The military had funded Trudy's work in memory and cognition long past any point of reasonable employment. Beyond the months when her grandfather had brought in a live-in assistant. The official word was early onset Alzheimer's, but it wasn't just conspiracy theorists who found the coincidence of her employment and eventual condition unlikely. There were whispered accounts of a laboratory accident, but Trudy was in no condition to resolve any disputes.
A tenuous connection to her grandma was what she held. Wemly felt an answer barely concealed, like the stone itself. Whatever she was holding had a deep connection to her grandma. It also began to itch, a predicament that Trudy seemed to understand as Wemly scratched at her palm.
Trudy tried to speak, but it came out a thick guttural drawl, and the frustration burned through their unbroken gaze. She began slapping the back of her neck with one hand, and pointing to the stone that Wemly held. This motion took an enormous effort from Trudy, her whole body twisting to accommodate it. Eventually it was too much, and she collapsed back into the pillows, the tenuous connection to Wemly severed.

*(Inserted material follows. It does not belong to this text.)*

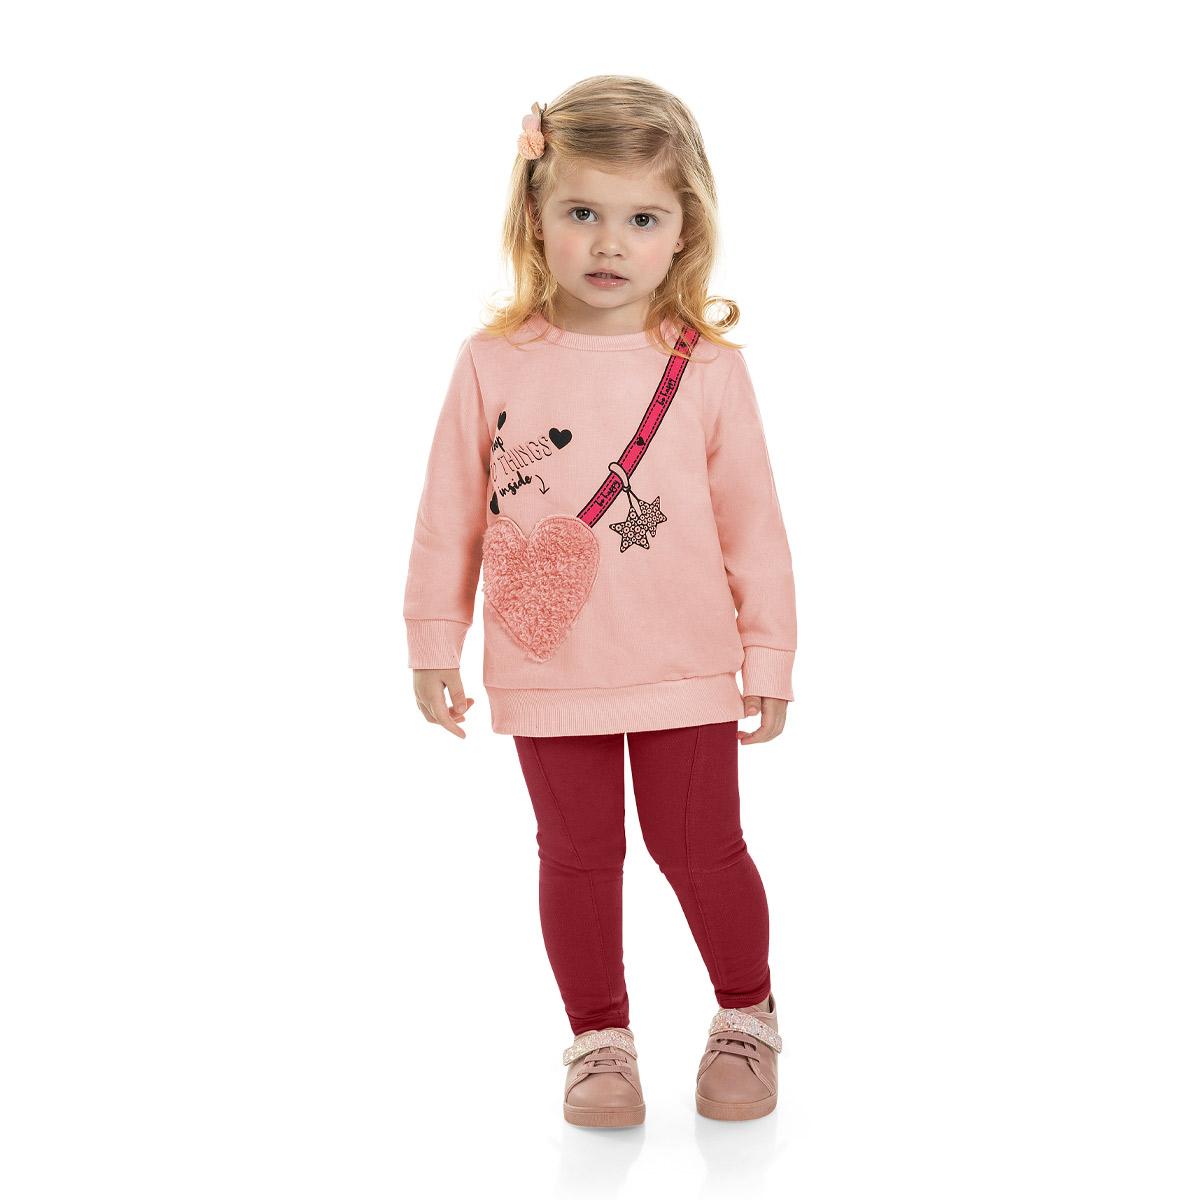 Conjunto Moletom Feminino Infantil Marlan 22546

Wemly shook Trudy gently, "Grandma?". And then again, louder, when there was no answer.
But it was clear what Trudy had been trying to communicate. Wemly placed the smooth stone against the back of her neck. The itching immediately stopped. The stone felt sticky, and as Wemly moved her head it pulled at the soft hairs of her neck. When she removed her hand, the stone stayed in place. She needed to pry with her fingernails to get it off again, and was surprised to see no remnants of glue or adhesive on the device.
Wemly's mouth was dry. Her hand holding the warm stone had started to itch again. She placed it back in the locket, and as she did noticed an inscription on the inside of the shell that she had missed in her initial excitement. It was a twenty five digit string, separated every five digits by a dash. Wemly had no idea what it meant, but it reminded her of an activation code for software, from the days when purchases were verified in that manner.

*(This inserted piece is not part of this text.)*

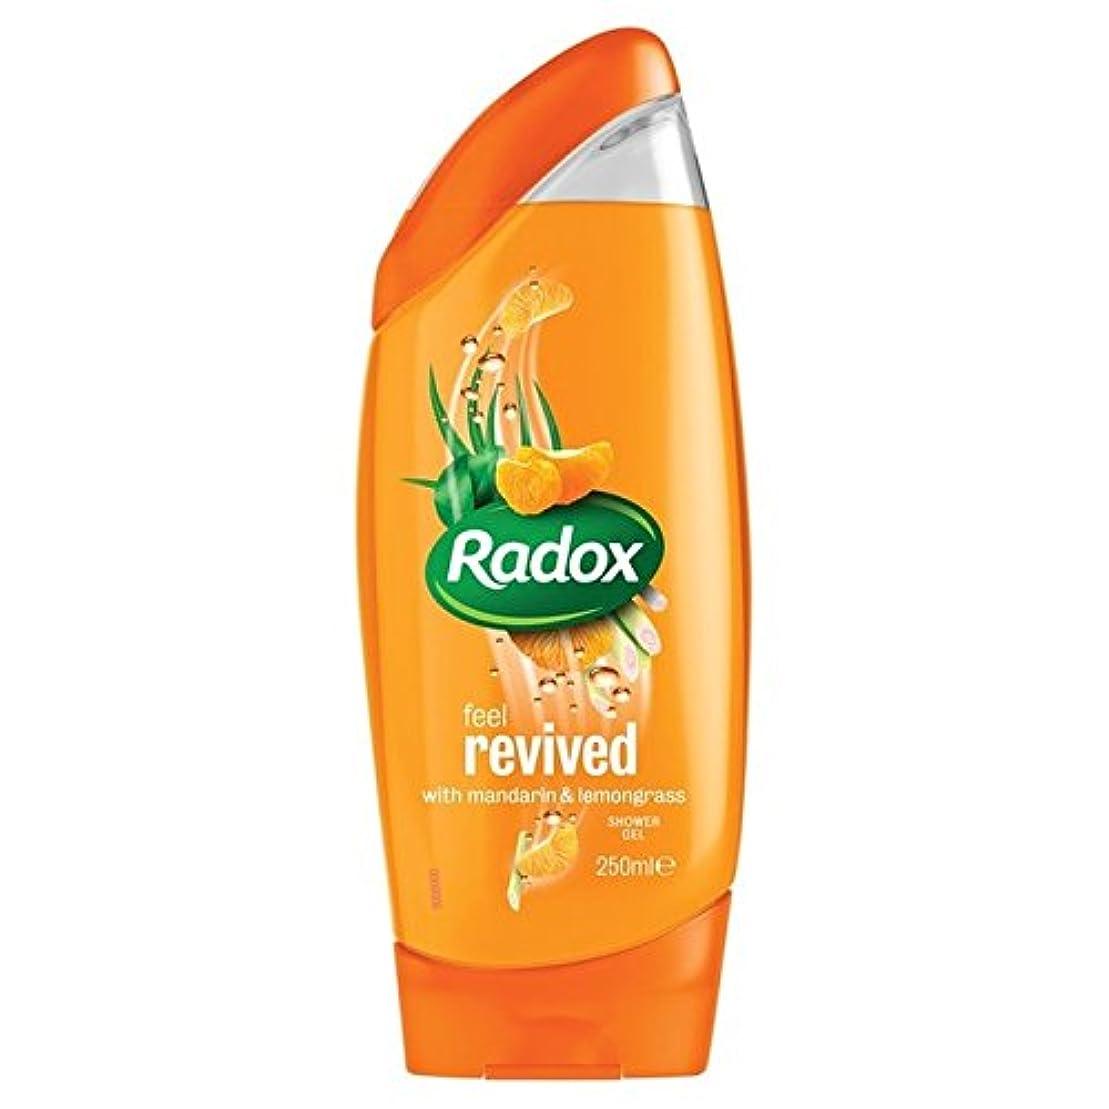 発疹冷笑するセラーのみかんは、シャワージェル250ミリリットルを復活させます x4 - Radox Mandarin Revive Shower Gel 250ml (Pack of 4) [並行輸入品]

A nurse poked her head in. "Strange, right?" she asked, and then noticed Trudy sleeping. "Is she doing okay?"
Wemly could only agree.
"Was she able to say anything?" asked the nurse. "She kept trying. Her eyes were so alive. So awake." She considered, then added. "We even brought her a paper and pen, but it was futile. She couldn't make anything more than scribbles." She shook her head. "I never really get used to the swings." And then the nurse was halfway to the next room along the pattern of her shift.
Wemly wiped her eyes with the back of her sleeve, stood, and leaned close to give her grandma a kiss. "I'll figure it out," she said. Trudy had been trying to tell her what the stone meant. Wemly had no idea, but she wouldn't let her grandma down. She hadn't felt this motivated since the beginning of grad school.
The problem gripped her mind, cut through the cold, and deflected the snow that had started to fall. When Wemly arrived home, she was only aware of her hands because they were barely able to turn the key in the lock. We all break differently, but it's a collective decay, Wemly thought, and entered the inner warmth of her apartment.